Energy & Pending Inflation Turning a Corner To Boost Canadian Dollar
Fundamental Forecast for CAD: Neutral
- Bank of Canada Leaves CAD Bears Wanting More, But Unsure If They’ll Receive
- Canadian Trade Exposure To EM Gets Big Boost From China PPI
- Crude Oil Pressing Resistance Supporting CAD Across The Board In Early December
The Canadian Dollar is ending the week of December 9 atop the podium of G10 FX. When you look at the start of the week or even against a few weeks ago, there is a stirring of optimism surrounding the Canadian Dollar.
On Wednesday, the Bank of Canada Rate Decision and subsequent press conference was supportive of more Canadian Dollar strength as Stephen Poloz spoke without mention of weakening the CAD to support weakening export volumes. After holding rates steady at 0.5%, Thursday’s Building Permits data shocked many as expectations for 1.5% MoM came in at 8.7%, which added to the confidence that Canada might have avoided an economic downturn with a confident BoC. The Bank of Canada also noted that some of the fiscal effects of PM Trudeau are yet to show up in economic data, which means more surprises could be on the way.
Economic Data on Deck for Canada This Week
Next week is expected to be a quiet week regarding economic releases. The main print will come on the Thursday with the Manufacturing Sales, which is a healthy component of GDP albeit, not tier-1 data.
Traders will likely continue to keep an eye on U.S. Yields as an indication of pending global inflation through the new world order of trade that is expected to begin under the new U.S. Administration that takes office on January 20. The one component of the next four years that traders appear confident in is that inflation will find its way into the world through reversing free-trade and favoring high-wage (relative to a global scale) producers then have been observed in EM that began to dominate the world’s consistent price declines from 1980s-2010s.
Technical & Macro Outlook: Friday’s run higher in the Canadian Dollar had the CAD as the only pair in Friday morning trading atop the U.S. Dollar.
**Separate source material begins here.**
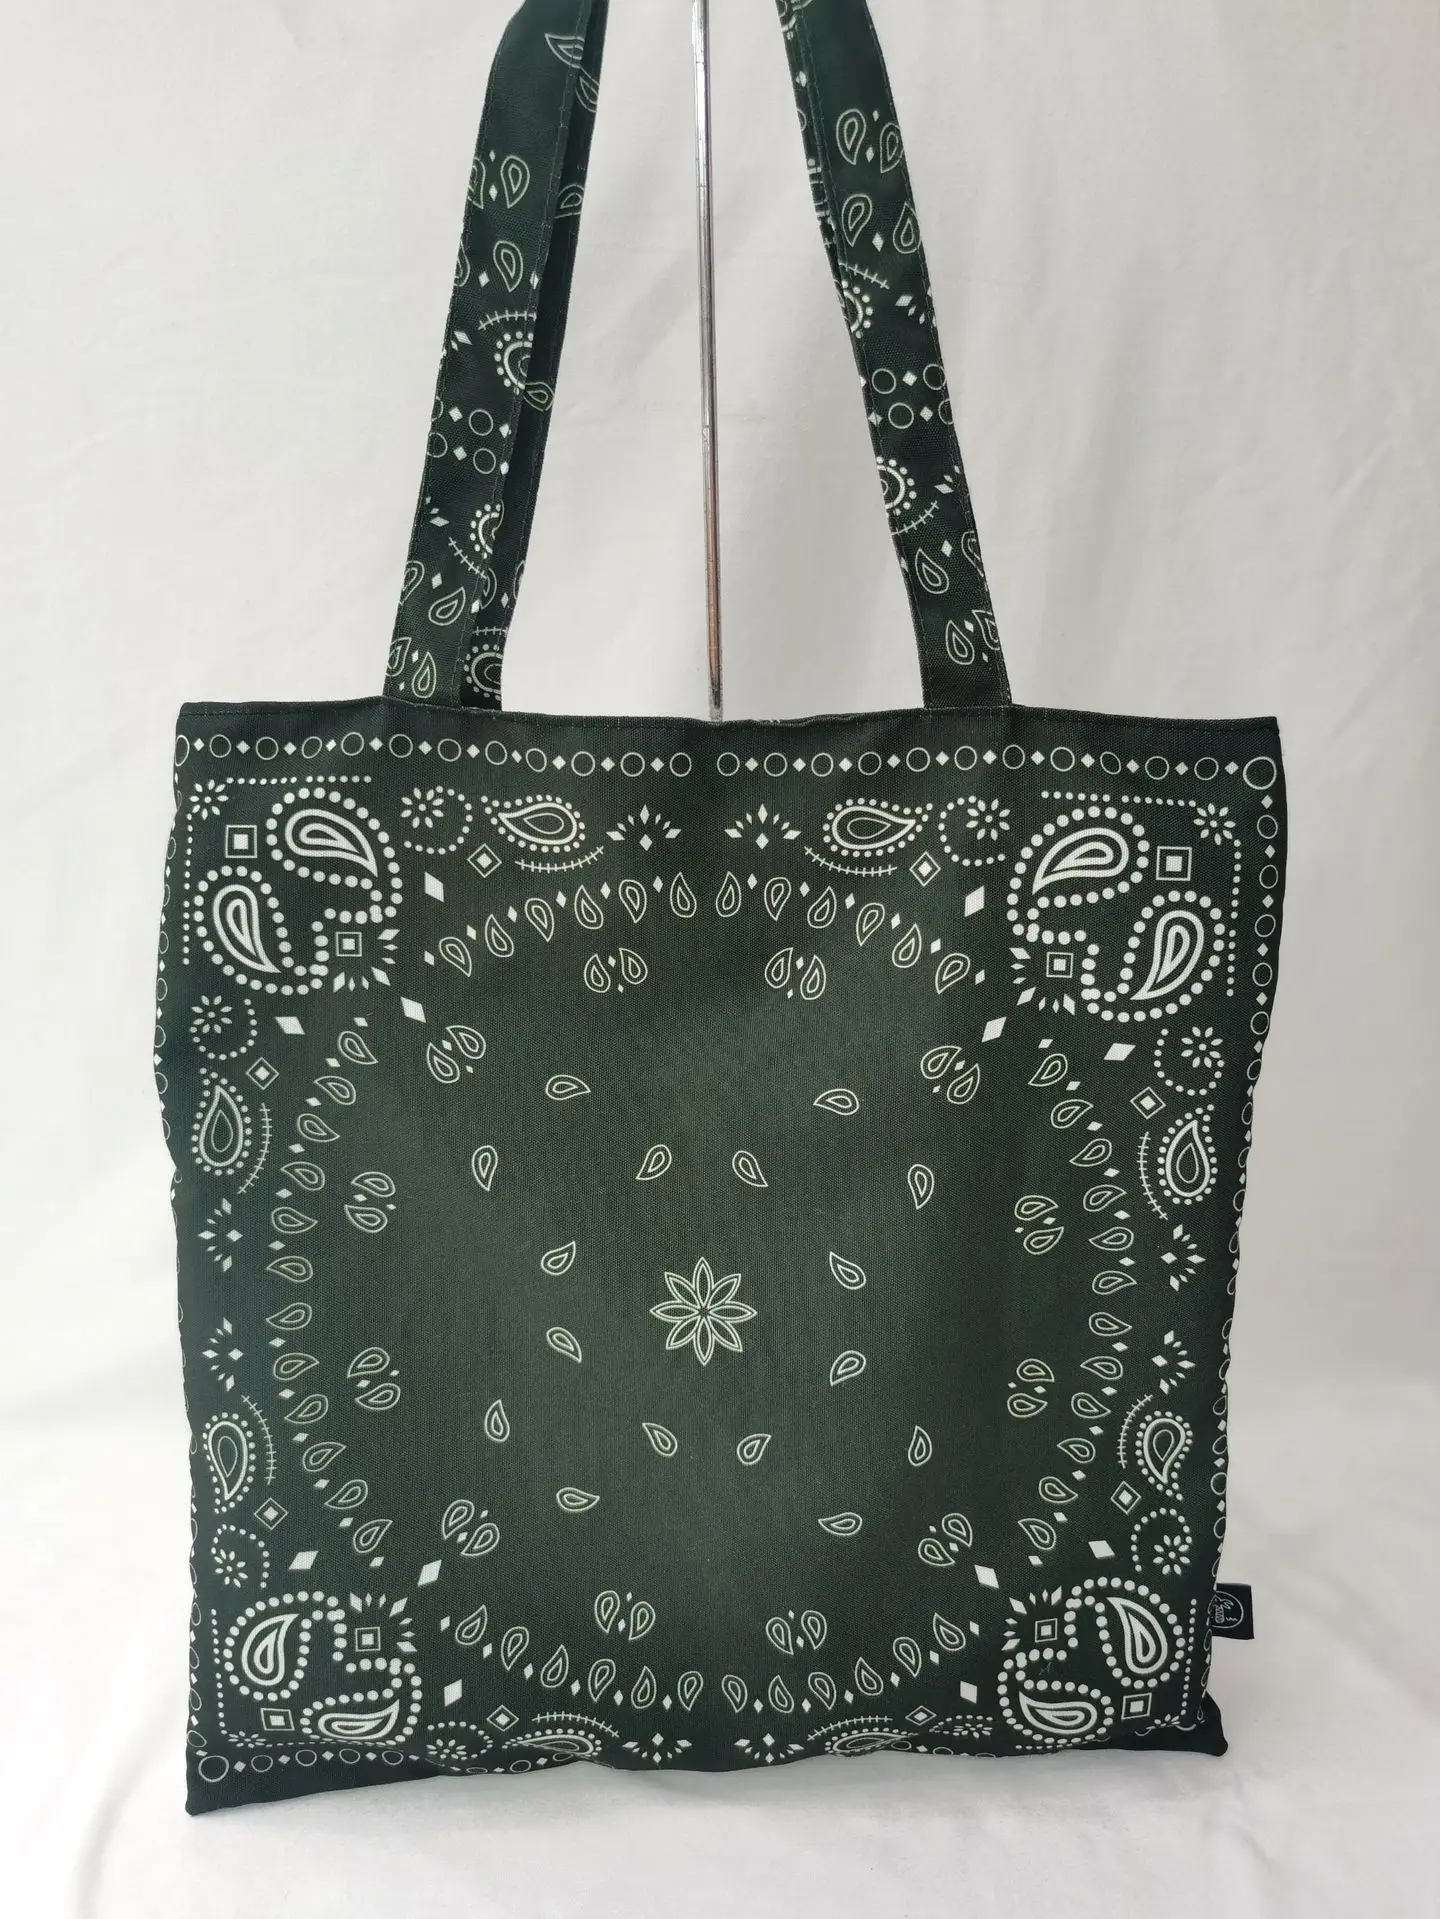 I Pattern Original Floral Water Resistant Large Tote Bag Shoulder Bag for Gym Beach Travel Daily Bags Upgraded

There appears to be less and less of a compelling case for CAD weakness given recent Bank of Canada rhetoric and the sticky Oil price above $50. A further push higher in Oil could provide some fiscal stability to Canada and keep the CAD strengthening.
The technical picture has USD/CAD sitting atop a mountain of chart support. The key chart supports include the 100-DMA (1.3193), the base of the Ichimoku Cloud (1.3127), and a trendline drawn from the May and August low. However, there are no guarantees in markets that support will hold and a break below support could show a cycle of Canadian Dollar strength, which may cause the Bank of Canada to be a bit more vocal on measures to support manufacturing and exports with a weaker Canadian Dollar.